Changes for form 5500


Plan Reporting Controversy
The Department of Labor has proposed revising form 5500 to reduce the reporting requirements for plan sponsors. Sponsors still would have to maintain the same information as before and make it available on demand but would not have to attach it to the form. Pension rights advocates are protesting what they see as a loss of information. Rebecca J. Miller, a member of the AICPA employee benefit plans committee, spoke with the Journal about the pros and cons of each sides position.

On the committee, we agree that plan participants need access to meaningful information. But in most plans, some of this information is not particularly meaningful, said Miller, referring to two schedules the DOL proposed to eliminate. One is the schedule of assets held for investment purposesthis applies to large plans subject to audits. Such plans already have to disclose in footnotes any assets representing at least 5% of the plan, she said. Although, theoretically, a highly diversified plan could have no assets in this category, Miller said this probably would be rare.
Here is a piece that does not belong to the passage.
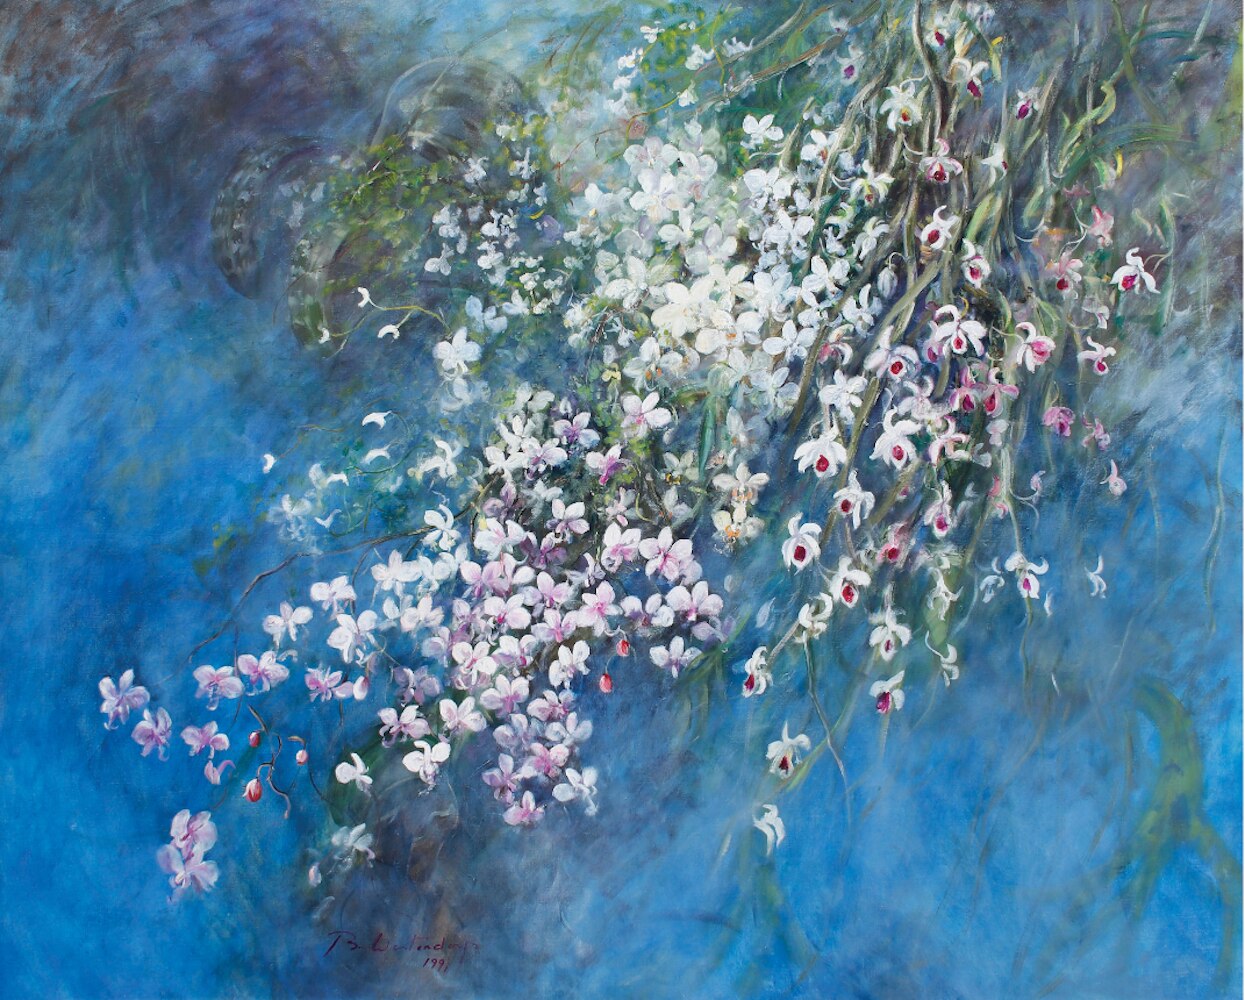 Lot 111 “A Cascade of Orchids” by Betsy Westendorp

The second schedule is for reportable transactions, which essentially says that if there are any purchases or sales of an investment type where the transaction is more than 5% of the asset value, that transaction must be disclosed. Miller said this information would be obvious in a participant-directed 401(k), for example, but not necessarily in other plans. However, auditors would look for this in a full-scope audit. Although a limited-scope audit would not cover this area, presumably fiduciaries under the Employee Retirement Income Security Act of 1974 (ERISA) are responsible for certifying investment activity.


Suggested compromise
Miller said in her 22 years of working on ERISA reporting issues, she has not seen many cases when investment activity is being mismanaged. Of the few she has encountered, most have been related party transactions. Such transactions remain subject to specific, annual audit procedures and, if prohibited, annual ERISA disclosure. She suggested the majority of plans could be freed from burdensome reporting requirements if only certain criteria triggered an increased reporting requirement. For example, she cited the new schedule FIN-SP, which raises some specific questions: Only plans that hold assets in certain categories that the DOL has found prone to abuse have to make extensive reports.

Alternatively, the same rules currently found in ERISA regulation 2520.103-11(b)(2) could be applied. This regulation already reduces the reporting responsibility for ERISA schedule of assets bought and sold during the plan year by eliminating, for example, any transactions in government securities, registered investment companies (mutual funds), certain bank certificates of deposit, participations in a bank common or collective trust or insurance company pooled separate accounts and traded securities purchased through a registered broker/dealer.